Kormt sat down and began soothing him.

The head of the line waited a few meters off while Jorun took Zarek's place. "Been a long grind," said the latter. "About done now, though. And will I be glad to see the last of this planet!"

"I don't know," said Jorun. "It's a lovely world. I don't think I've ever seen a more beautiful one."

Zarek snorted. "Me for Thonnvar! I can't wait to sit on the terrace by the Scarlet Sea, fern-trees and red grass all around, a glass of oehl in my hand and the crystal geysers in front of me. You're a funny one, Jorun."
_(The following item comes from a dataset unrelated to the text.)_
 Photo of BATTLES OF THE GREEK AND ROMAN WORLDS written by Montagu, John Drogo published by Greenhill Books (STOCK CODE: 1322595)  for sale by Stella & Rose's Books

The Fulkhisian shrugged slender shoulders. Zarek clapped him on the back and went out for supper and sleep. Jorun beckoned to the next Terran and settled down to the long, almost mindless routine of registration. He was interrupted once by Kormt, who yawned mightily and bade him goodnight; otherwise it was a steady, half-conscious interval in which one anonymous face after another passed by. He was dimly surprised when the last one came up. This was a plump, cheerful, middle-aged fellow with small shrewd eyes, a little more colorfully dressed than the others. He gave his occupation as merchant—a minor tradesman, he explained, dealing in the little things it was more convenient for the peasants to buy than to manufacture themselves.
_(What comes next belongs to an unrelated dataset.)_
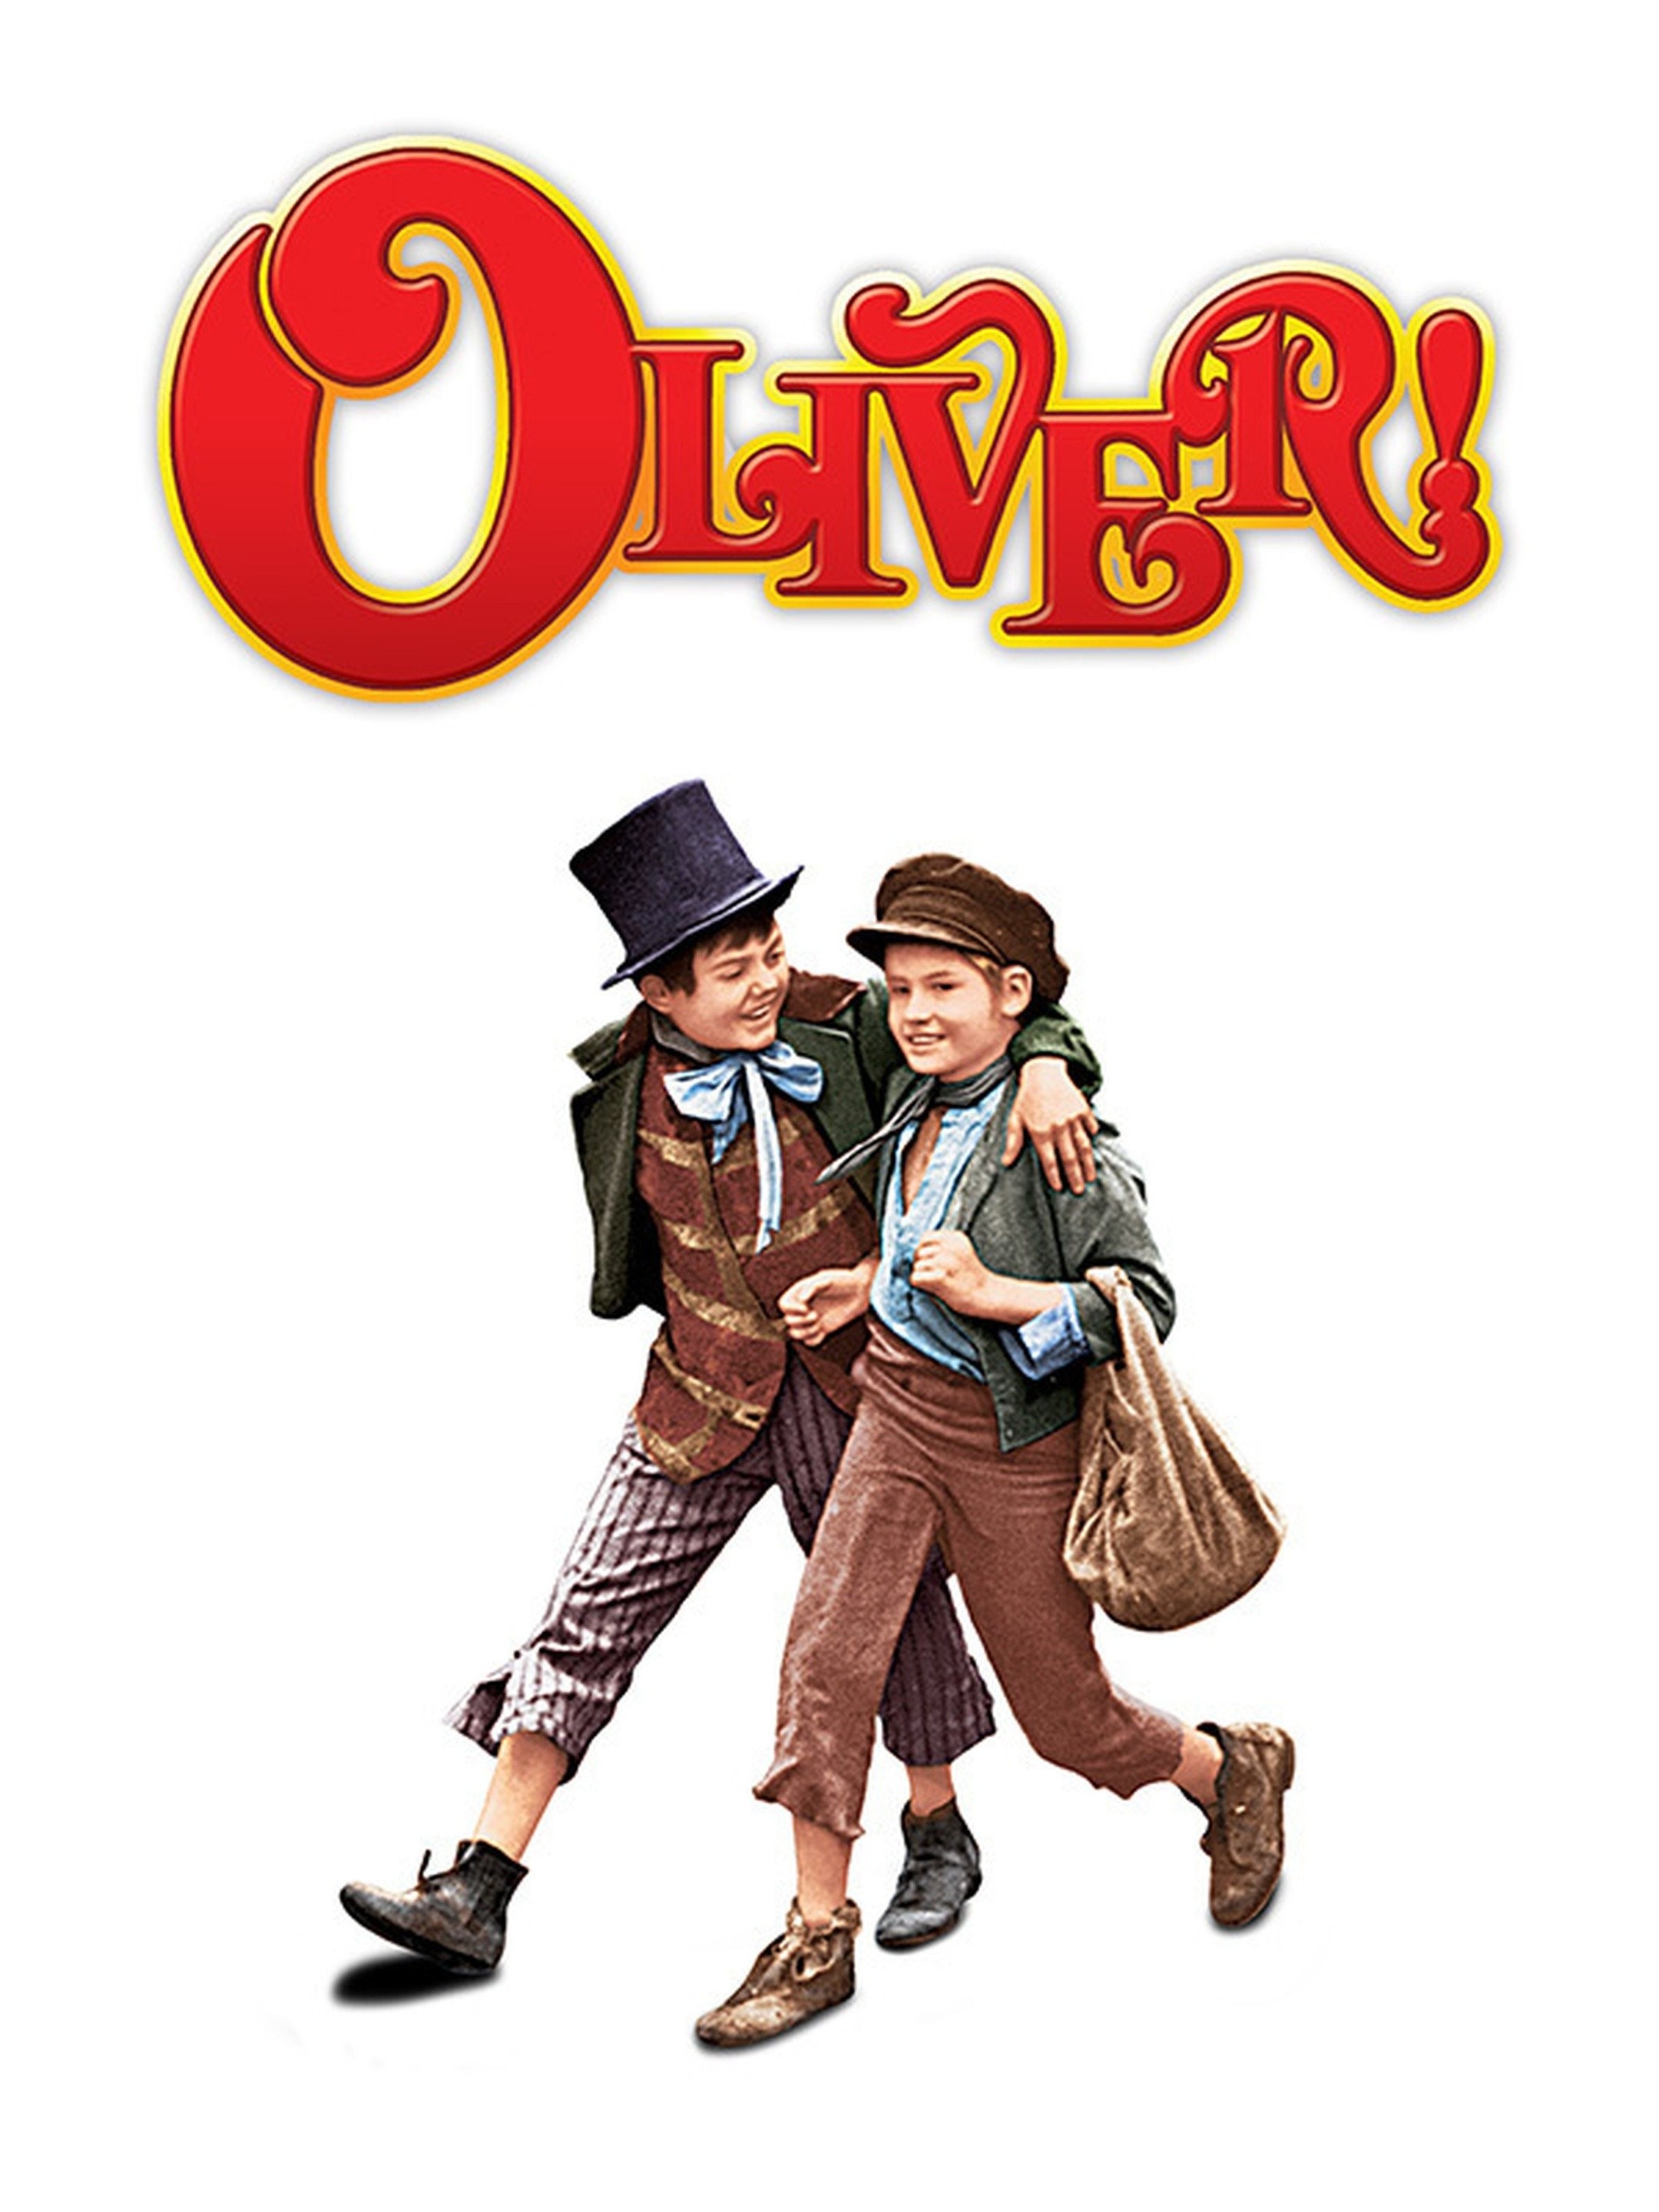 Oliver! - Rotten Tomatoes

"I hope you haven't been waiting too long," said Jorun. Concy statement.

"Oh, no." The merchant grinned. "I knew those dumb farmers would be here for hours, so I just went to bed and got up half an hour ago, when it was about over."

"Clever." Jorun rose, sighed, and stretched. The big room was cavernously empty, its lights a harsh glare. It was very quiet here.

"Well, sir, I'm a middling smart chap, if I say it as shouldn't. And you know, I'd like to express my appreciation of all you're doing for us."

"Can't say we're doing much." Jorun locked the machine.

"Oh, the apple-knockers may not like it, but really, good sir, this hasn't been any place for a man of enterprise. It's dead. I'd have got out long ago if there'd been any transportation. Now, when we're getting back into civilization, there'll be some real opportunities. I'll make my pile inside of five years, you bet."

Jorun smiled, but there was a bleakness in him. What chance would this barbarian have even to get near the gigantic work of civilization—let alone comprehend it or take part in it. He hoped the little fellow wouldn't break his heart trying.

"Well," he said, "goodnight, and good luck to you."

"Goodnight, sir. We'll meet again, I trust."

Jorun switched off the lights and went out into the square. It was completely deserted. The moon was up now, almost full, and its cold radiance dimmed the lamps. He heard a dog howling far off. The dogs of Earth—such as weren't taken along—would be lonely, too.

Well, he thought, the job's over. Tomorrow, or the next day, the ships come.